Sitting at the kitchen table with me doing her work while drinking hot chocolate and watching the snow fall. 

Glad she picked that memory to retain to encompass 4 years of homeschooling rather than me ranting or nagging her to get her work done or pay attention. 

I'll go with it.


----------



## mistletoad (Apr 17, 2003)

Well obviously she loved that you were doing her work!


----------



## Lisa in WA (Oct 11, 2004)

mistletoad said:


> Well obviously she loved that you were doing her work!


ound:And somehow I managed to teach grammar, punctuation and composition and you'd never know it with THAT sentence structure. :help:


----------



## mistletoad (Apr 17, 2003)

I had to tease you! It is wonderful that you could give her such good memories.


----------



## libertygirl (Jul 18, 2011)

I wonder about that, as we are in our second year of homeschooling. I hope mine will have good memories of this time.

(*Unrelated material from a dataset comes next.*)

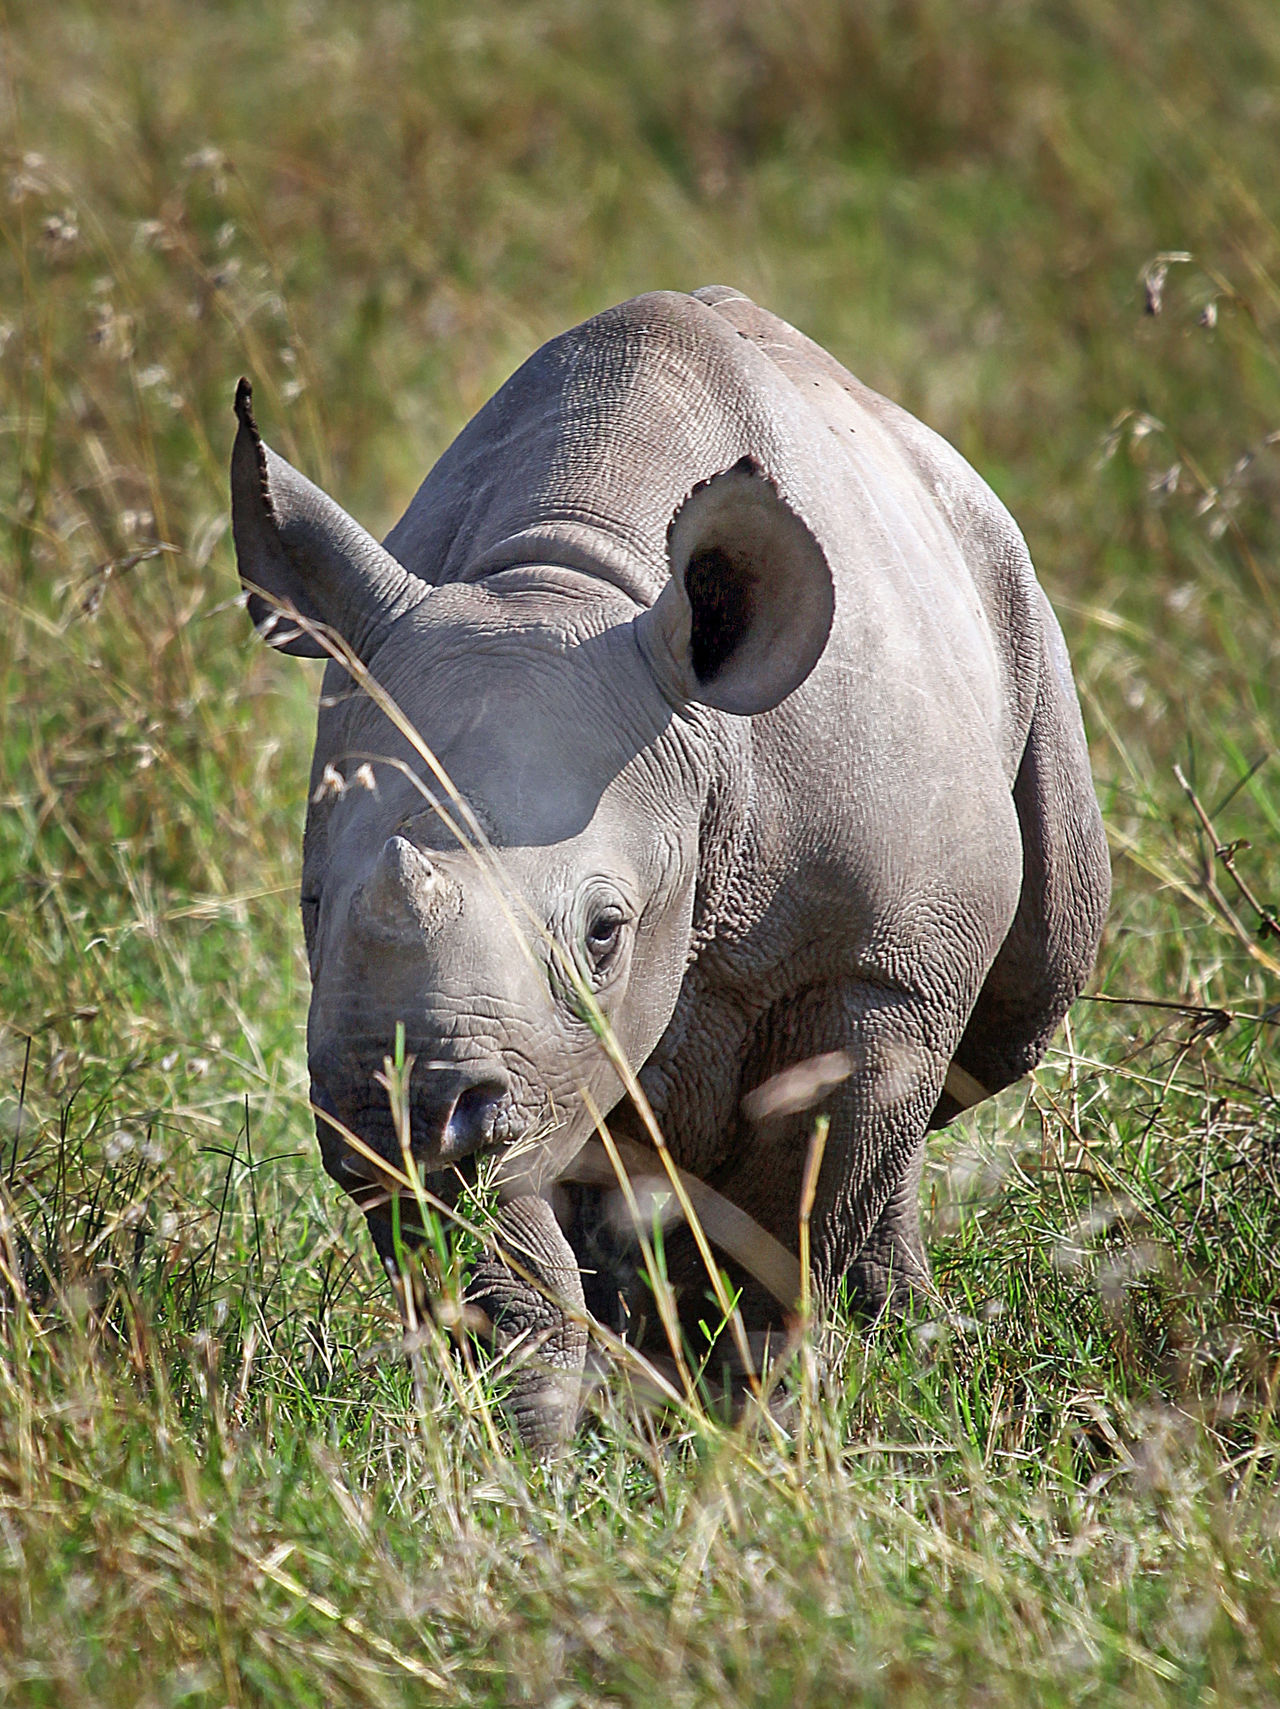 Black Rhino Calf on the plains in the Msai Mara, Kenya Animal Themes Animal Wildlife Animals In The Wild Baby Black Rhino Black Rhinoceros Calf Close-up Grass Kenya Mammal Masai Mara National Park Nature No People One Animal Outdoors White Rhino

I know I will, even with all of the "sit down", "capitalization, punctuation, and complete sentences". LOL


----------



## ErinP (Aug 23, 2007)

mistletoad said:


> Well obviously she loved that you were doing her work!


Glad it wasn't just me. lol
I was puzzling over why Lisa was admitting that she was one of those neurotic homeschool parents who never let her kid do her own work...


----------